What is the pH of a 2.0 molar solution of acetic acid. Ka acetic acid = 1.810–5

1 answer

To find the pH of a 2.0 M solution of acetic acid, we need to use the equilibrium constant expression for the dissociation of acetic acid:

CH3COOH + H2O ⇄ CH3COO- + H3O+

Ka = [CH3COO-][H3O+] / [CH3COOH]

We can assume that the initial concentration of acetic acid is 2.0 M, and that at equilibrium, some of it will dissociate to form acetate ions and hydronium ions.
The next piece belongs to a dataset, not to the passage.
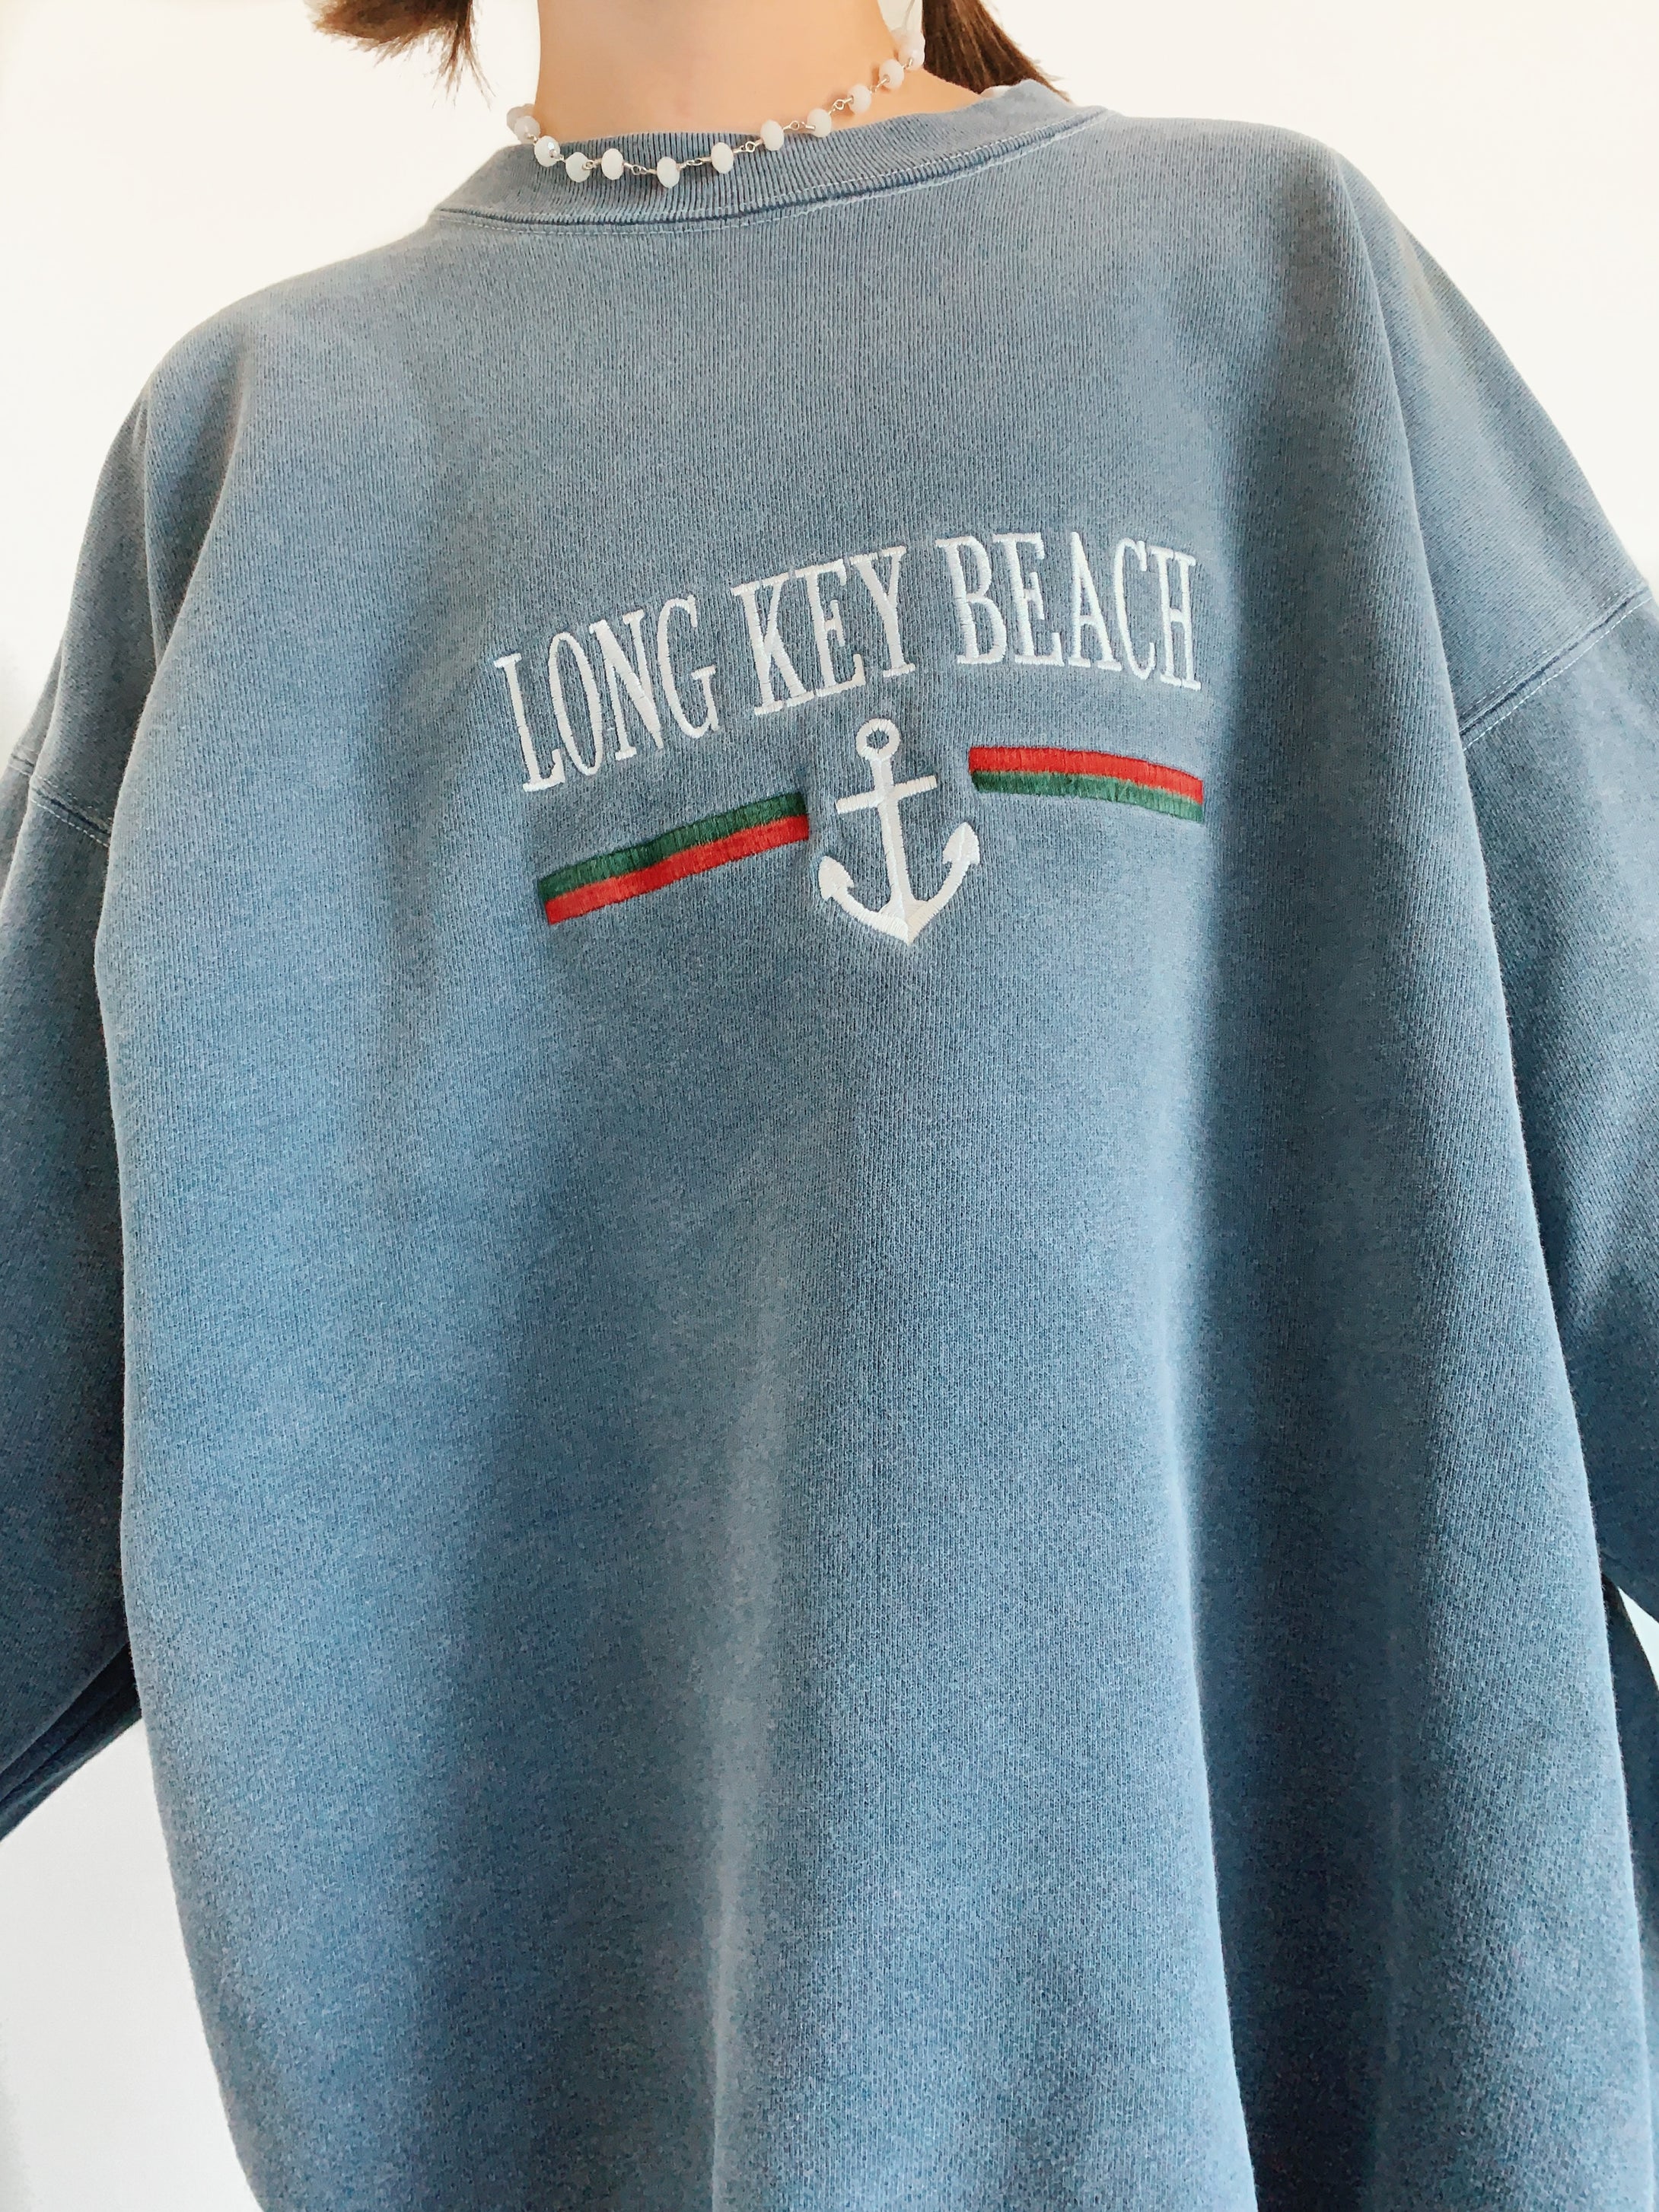 Long Key Beach crewneck

Let x be the concentration of H3O+ and CH3COO- ions formed at equilibrium.

Then, we can write:

Ka = x^2 / (2.0 - x)

Since the Ka value is small compared to the initial concentration of acetic acid, we can simplify the expression by assuming that x is much smaller than 2.0. This means that we can ignore the amount of acetic acid that does not dissociate, and consider the concentration of CH3COO- and H3O+ ions to be equal to x.

So, we can write:

Ka = x^2 / 2.0

Rearranging and solving for x, we get:

x = sqrt(Ka * 2.0) = 0.00294 M

The pH of the solution can now be calculated using the definition of pH:

pH = -log[H3O+]

pH = -log(0.00294) = 2.53

Therefore, the pH of a 2.0 M solution of acetic acid is 2.53.